Les travailleuses que j'ai connues avaient une relation curieusement abstraite avec le produit de leur labeur. A peu près un an après que j'aie rencontré Lu Qingmin, ou Min, elle m'a invitée chez elle dans son village natal pour le Nouvel An chinois. Dans le train, elle m'a offert un cadeau : un porte-monnaie de la marque Coach avec une finition en cuir brun. Je l'ai remerciée, en supposant que c'était une imitation, comme à peu près tout ce qui est à vendre à Dongguan. Une fois arrivée chez elle, Min offrit à sa mère un autre cadeau : un sac à main Dooney & Bourke rose, et quelques nuits plus tard, sa sœur exhibait un sac à bandoulière LeSportsac marron. Il m'est apparu progressivement que ces sacs étaient fabriqués dans leur usine, et que chacun d'entre eux était authentique.

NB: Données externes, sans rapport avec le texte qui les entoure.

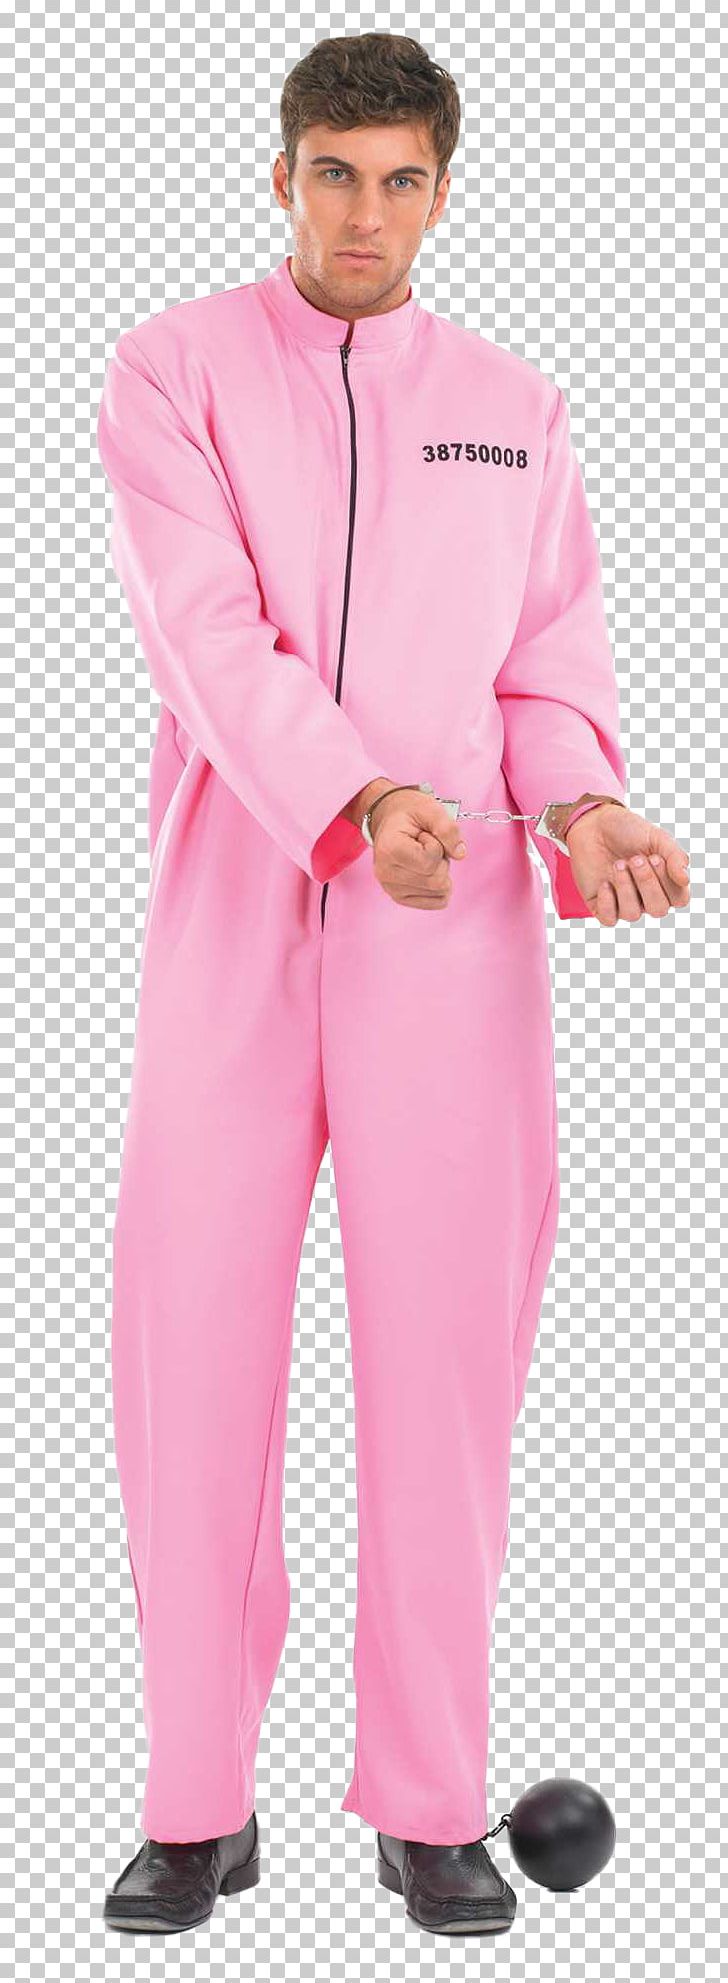 Costume Party Prison Uniform Suit Pink PNG, Clipart, Clothing, Clothing Accessories, Convict, Costume, Costume Party Free PNG Download

La sœur de Min dit à ses parents, "Aux États-Unis, ce sac se vend à 320 dollars." Ses parents, qui sont tous deux paysans, l'ont regardé, sans voix. "Et ce n'est pas tout... Coach est en train de sortir une nouvelle ligne, 2191, dit-elle, chaque sac se vendra à 6 000." Elle fit une pause et ajouta, "je ne sais pas si c'est 6 000 yuans, ou 6 000 dollars américains, mais en tous cas, c'est 6 000." (Rires)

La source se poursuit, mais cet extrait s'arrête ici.